Architecture and its Image: Four Centuries of Architectural Representation

Edited by Eve Blau and Edward Kaufman

Drawing on an incomparable collection of architectural drawings and prints, photographs, books, and periodicals, Architecture and Its Image explores the idea of serial imagery in architectural representation through works dating from the Renaissance to today.

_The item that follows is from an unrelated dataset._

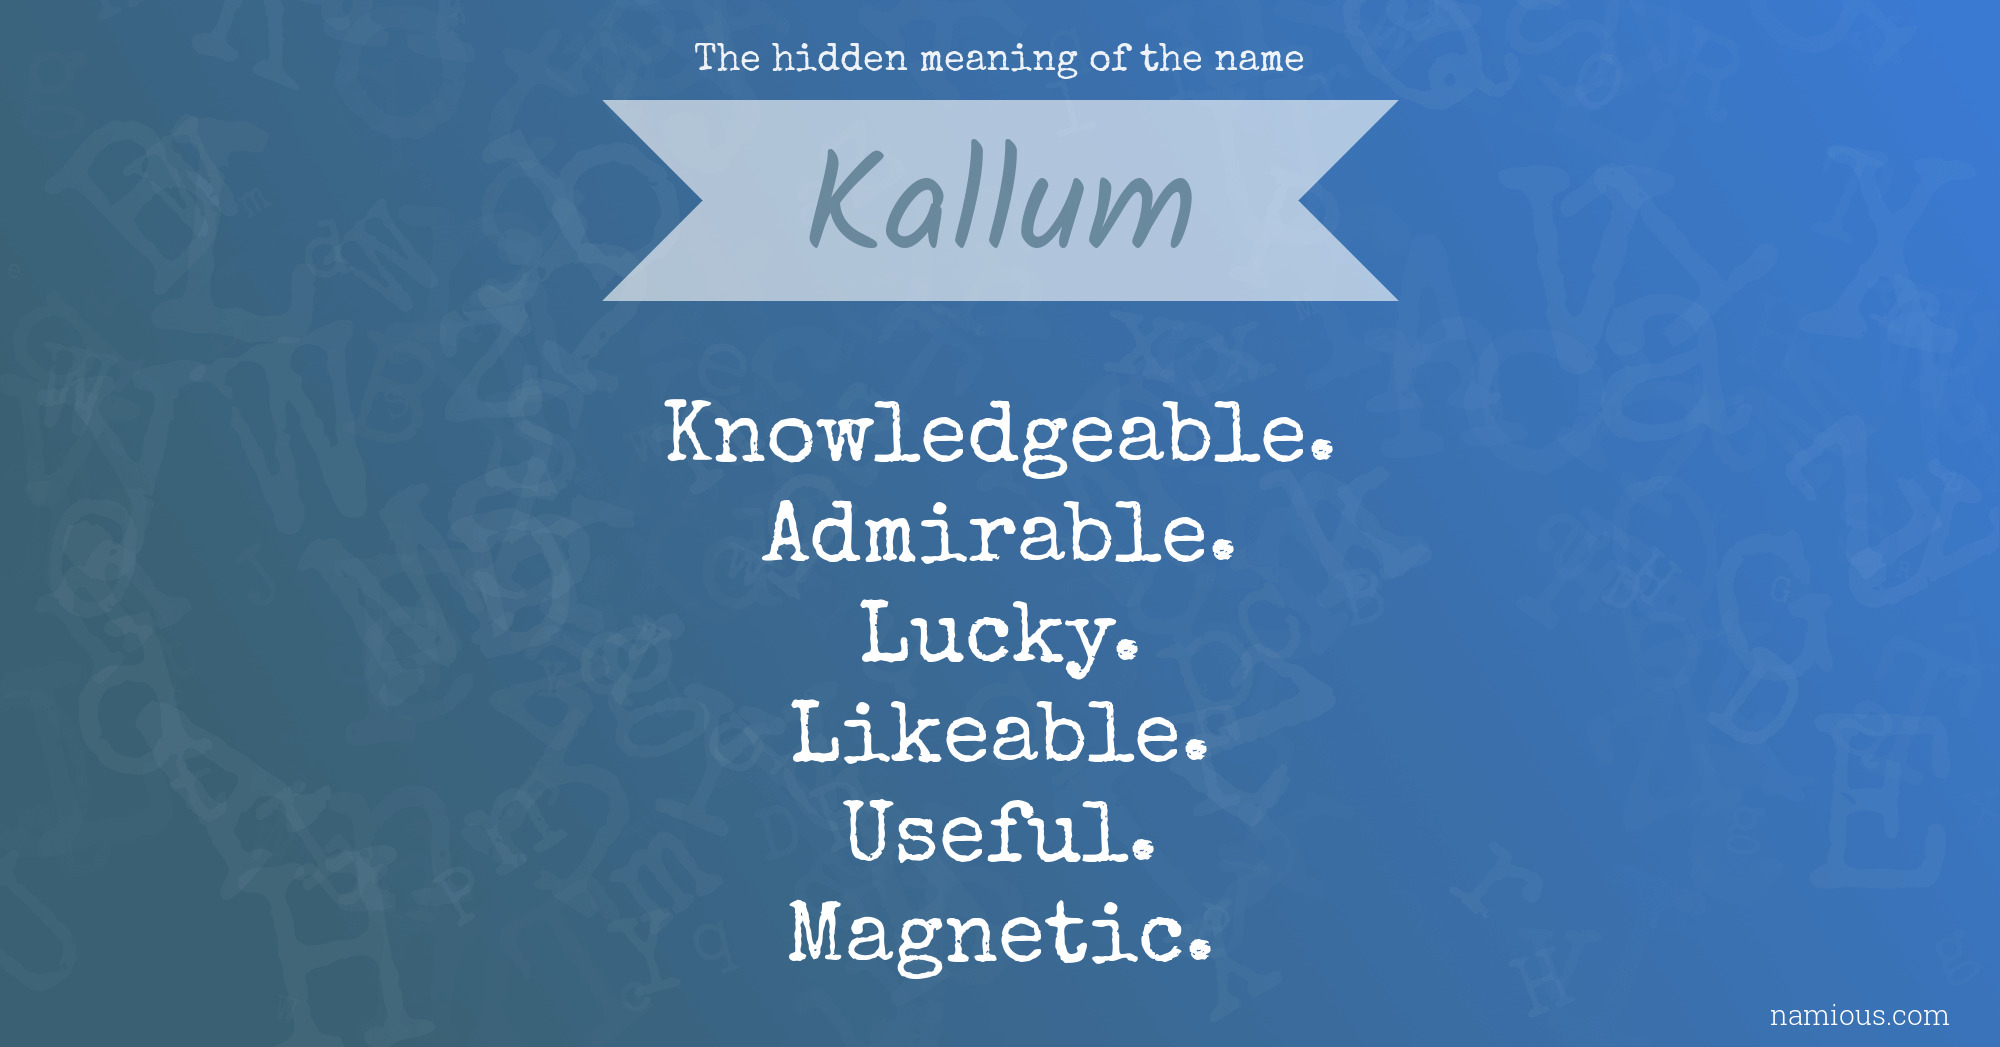 The hidden meaning of the name Kallum
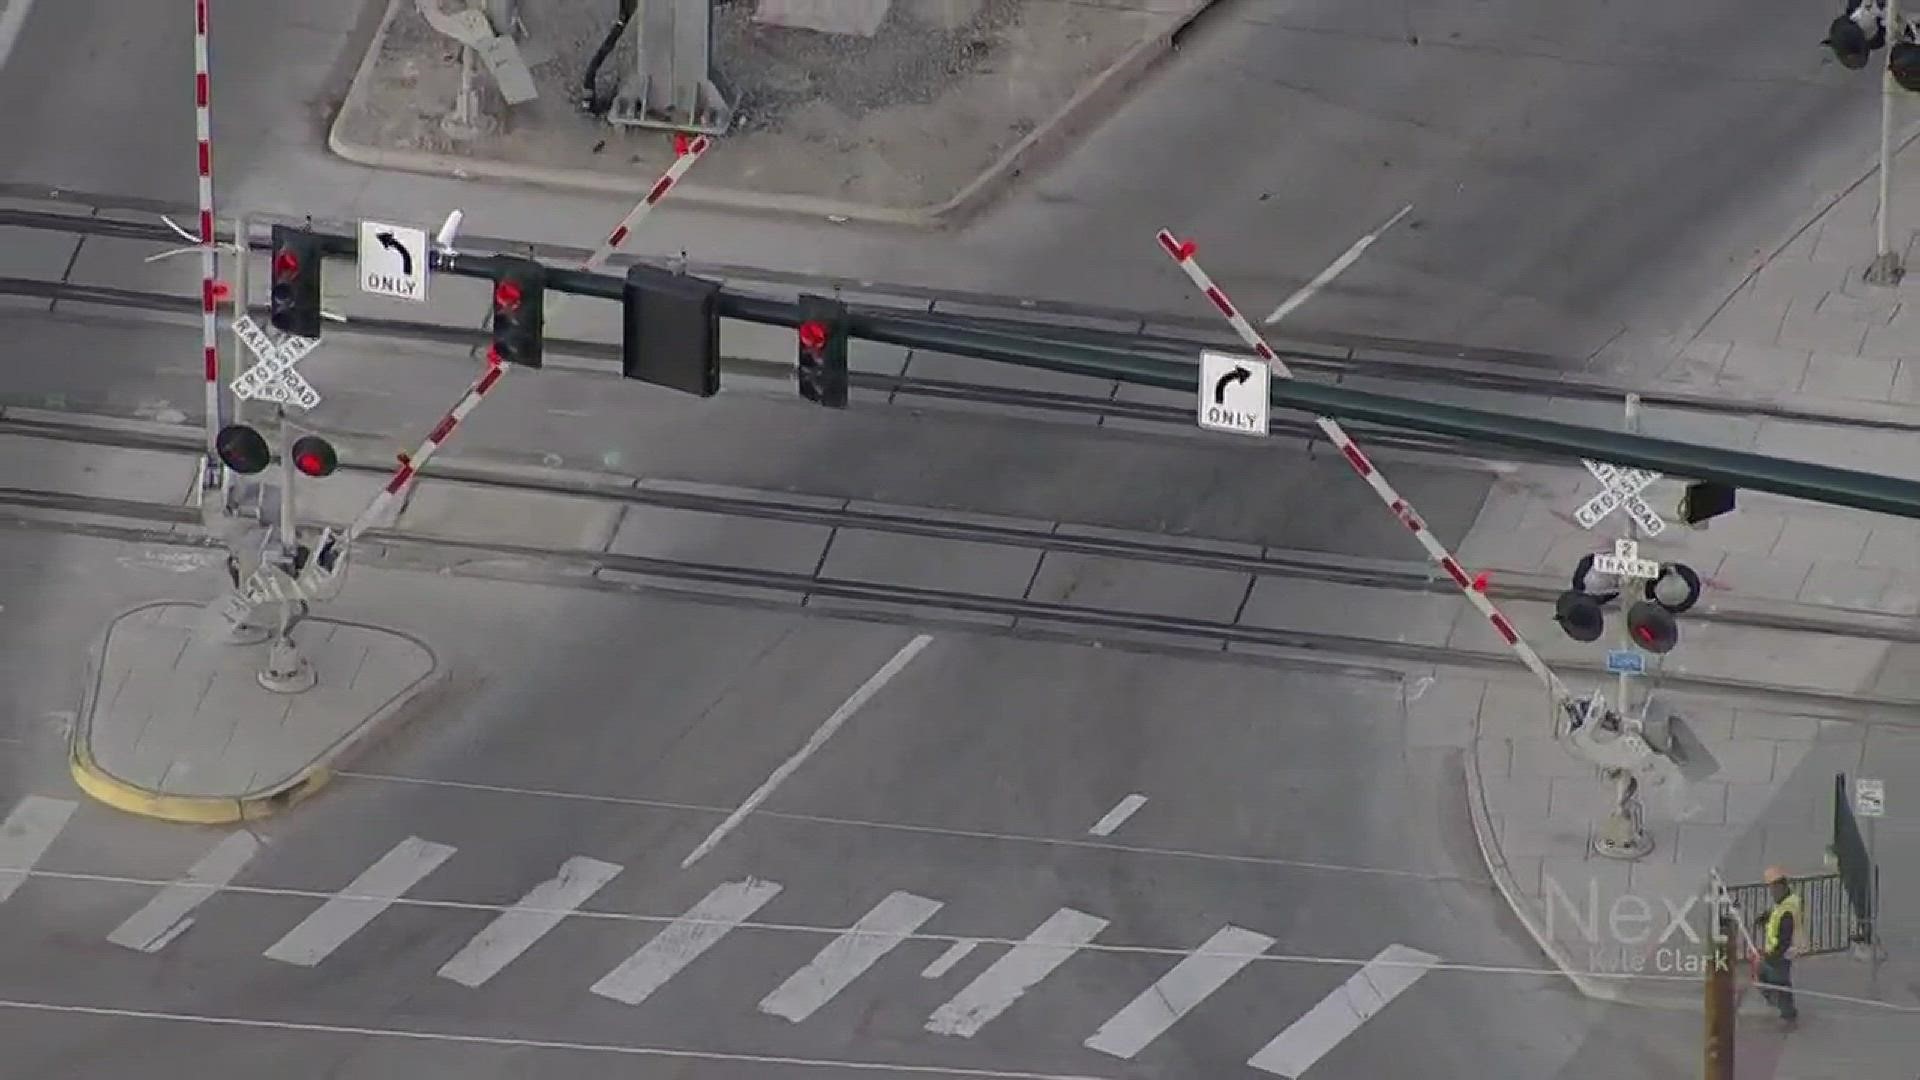 RTD says it will meet a deadline set by federal regulators to submit a plan detailing what is being done to fix the crossing gates on the A Line -- something that has plagued the commuter rail from Union Station to DIA since it opened in 2016.

Although drawings and photographs of architecture are often viewed as single images, they are generally produced in series. The most basic of these is the set of drawings that shows a building in plan, elevation, and section. But as Architecture and Its Image reveals, the concept can be extended to other types of architectural representations: theater sets, travel accounts, photographic surveys, pattern books, even the alternative designs submitted for competition. All relate in different ways to their subjects; viewed in series, all reveal underlying principles of organization that can convey new understanding of architectural imagery.

Under the headings Architecture in Three Dimensions, Architecture in Place and Time, and Architecture in Process, essays by six scholars use the concept of serial imagery to explore the complex relationship between various types of architectural representations and their subject matter: projective drawings (Robin Evans), 19th-century urban survey photography (Eve Blau), the travel narratives of English architectural "explorers" from the mid-18th to the mid-19th century (Edward Kaufman), festival and theater architecture (William Alexander McClung), architectural publications, competitions, and exhibitions (Helene Lipstadt), and computer graphics (Robert Bruegmann).

Cambridge MA, 1990, 30 x 25cm, illustrated, 369pp. Hardback.